Present value of lease payments are discounted based on the more readily determinable of (i) the rate implicit in the lease or (ii) the Company’s incremental borrowing rate. Because the Company’s operating leases generally do not
provide an implicit rate, the Company estimates its incremental borrowing rate based on the information available at lease commencement date for collateralized borrowings with a similar term, an amount equal to the lease payments and in a similar economic environment where the leased asset is located. The collateralized borrowings were based on the Company’s credit rating corroborated with market credit metrics like debt level and interest coverage.
The Company’s operating lease ROU assets are measured based on the corresponding operating lease liability adjusted for (i) payments made to the lessor at or before the commencement date, (ii) initial direct costs incurred and (iii) lease incentives under the lease. Options to renew or terminate the lease are recognized as part of the Company’s ROU assets and lease liabilities when it is reasonably certain the options will be exercised. ROU assets are also assessed for impairments consistent with the Company’s long-lived asset policy.
Operating lease expense for fixed lease payments is recognized on a straight-line basis over the lease term. Variable lease payments for real estate taxes, insurance, maintenance, and utilities, which are generally based on the Company’s pro rata share of the total property, are not included in the measurement of the ROU assets or lease liabilities and are expensed as incurred.
Operating leases are presented separately as operating lease right-of-use assets, net and lease obligations, current and non-current, in the accompanying consolidated balance sheets.
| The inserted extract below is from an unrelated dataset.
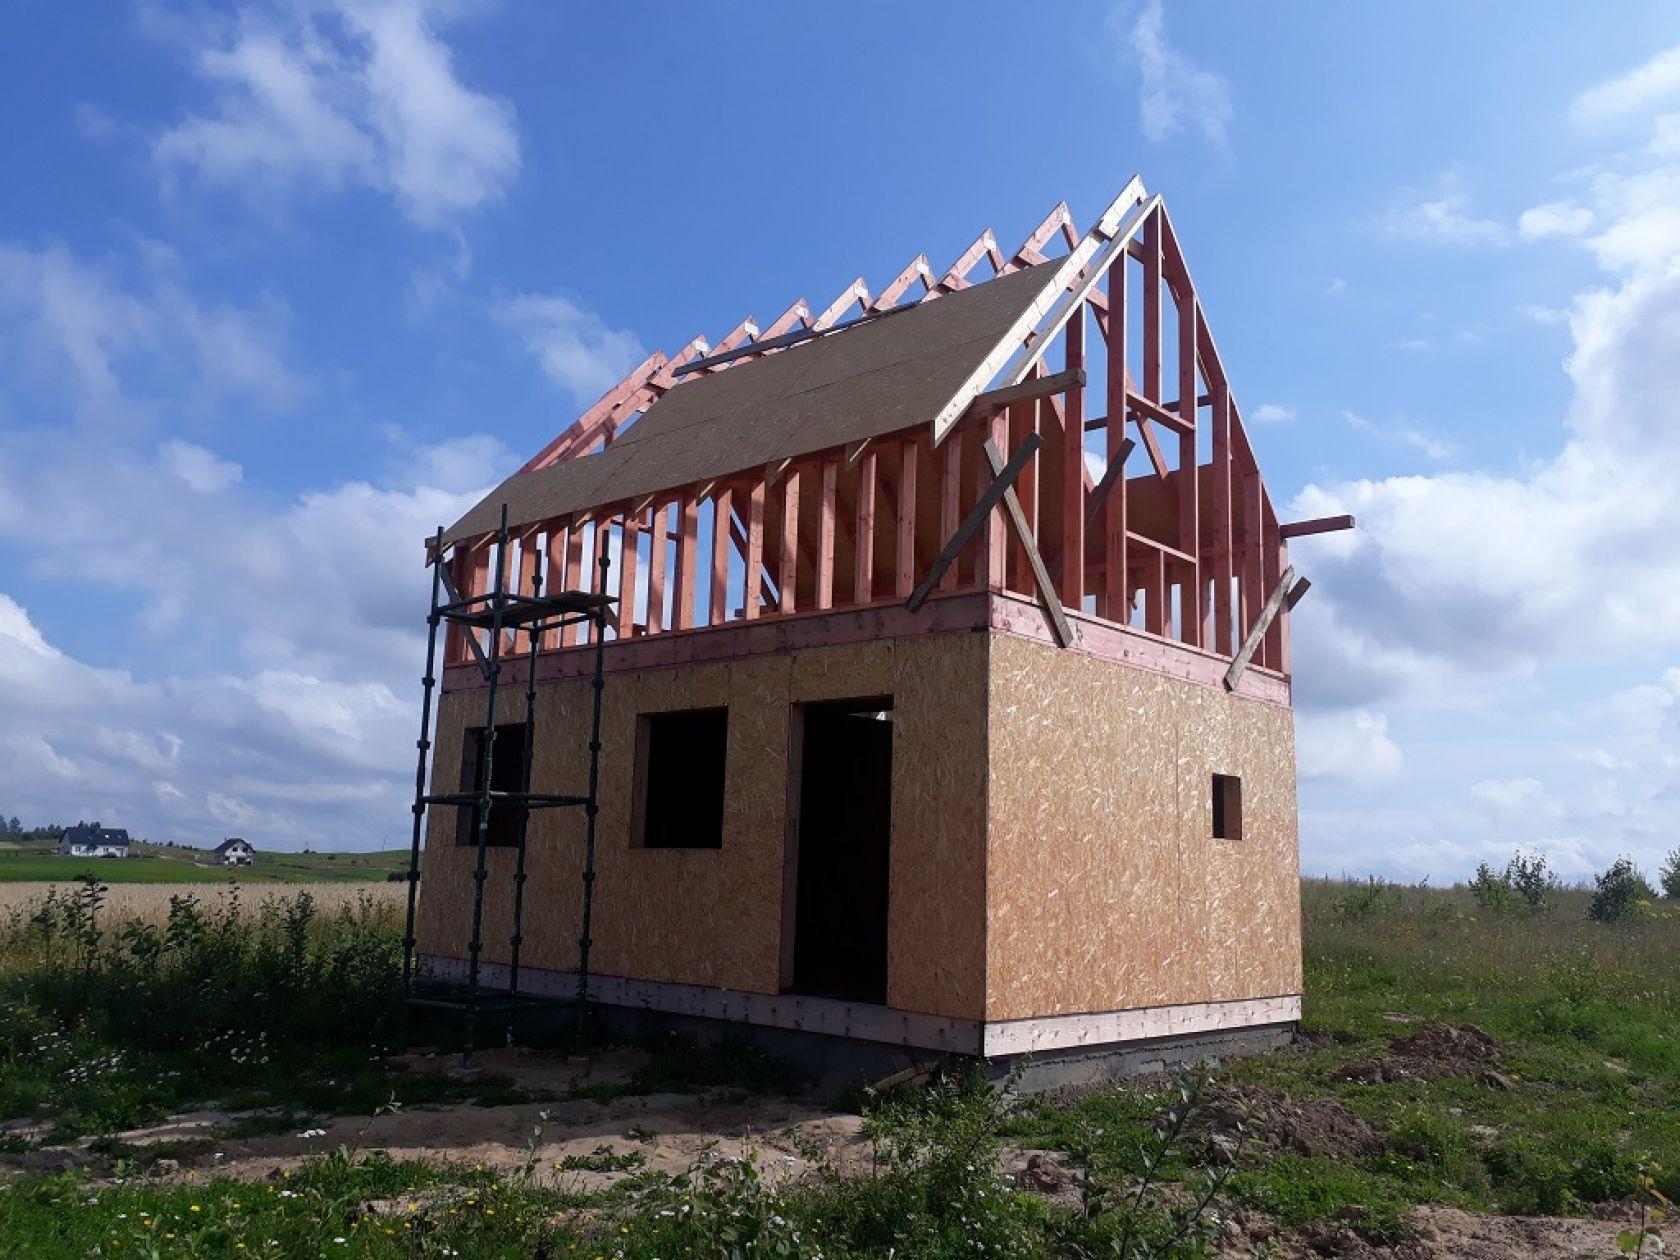 Zlece dokonczenie budowy domku letniskowego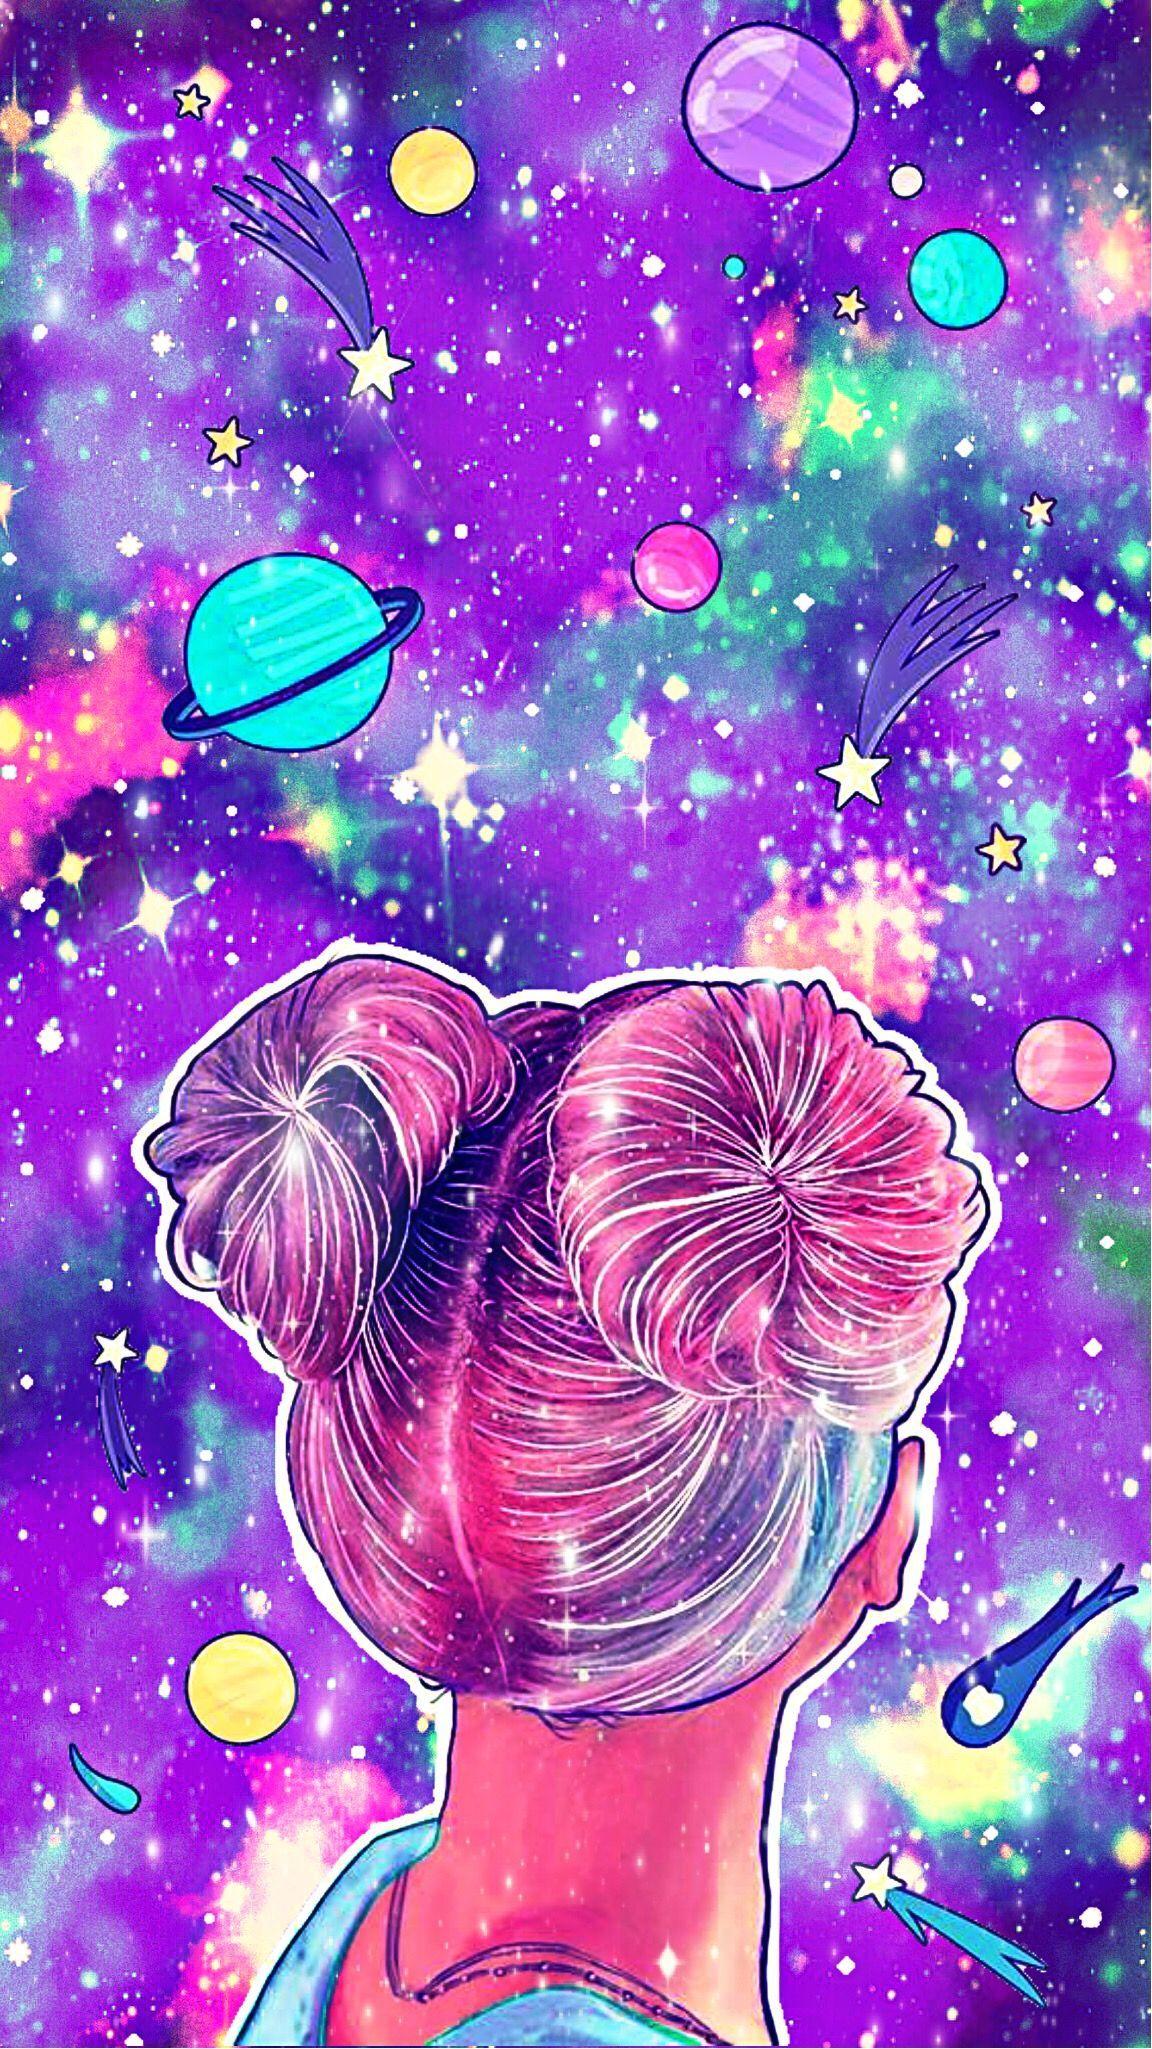 El Mejor Fondo De Pantalla Cute Galaxy Wallpaper Anime Wallpaper Cute Anime Wallpaper

We have elected the short-term lease recognition exemption for all applicable classes of underlying assets. Short-term disclosures include only those leases with a term greater than one month and 12 months or less, and expense is recognized on a straight-line basis over the lease term. Leases with an initial term of 12 months or less, that do not include an option to purchase the underlying asset that we are reasonably certain to exercise, are not recorded on the balance sheet.
Revenue Recognition
The Company recognizes revenue in accordance with ASC 606, Revenue from Contracts with Customer (“ASC 606”). The Company elected to early adopt ASC 606 as of January 1, 2018, as permitted by the standard. The Company performs the following five steps: (i) identify the contract(s) with a customer, (ii) identify the performance obligations in the contract, (iii) determine the transaction price, (iv) allocate the transaction price to the performance obligations in the contract, and (v) recognize revenue when (or as) the entity satisfies a performance obligation. The Company applies the five-step model to arrangements that meet the definition of a contract under the standard, including when it is probable that the entity will collect the consideration it is entitled to in exchange for the goods or services it transfers to the customer. At contract inception, once the contract is determined to be within the scope of revenue accounting, the Company evaluates the goods or services promised within each contract related performance obligation and assesses whether each promised good or service is distinct. The Company recognizes as revenue, the amount of the transaction price that is allocated to the respective performance obligation when (or as) the performance obligation is satisfied.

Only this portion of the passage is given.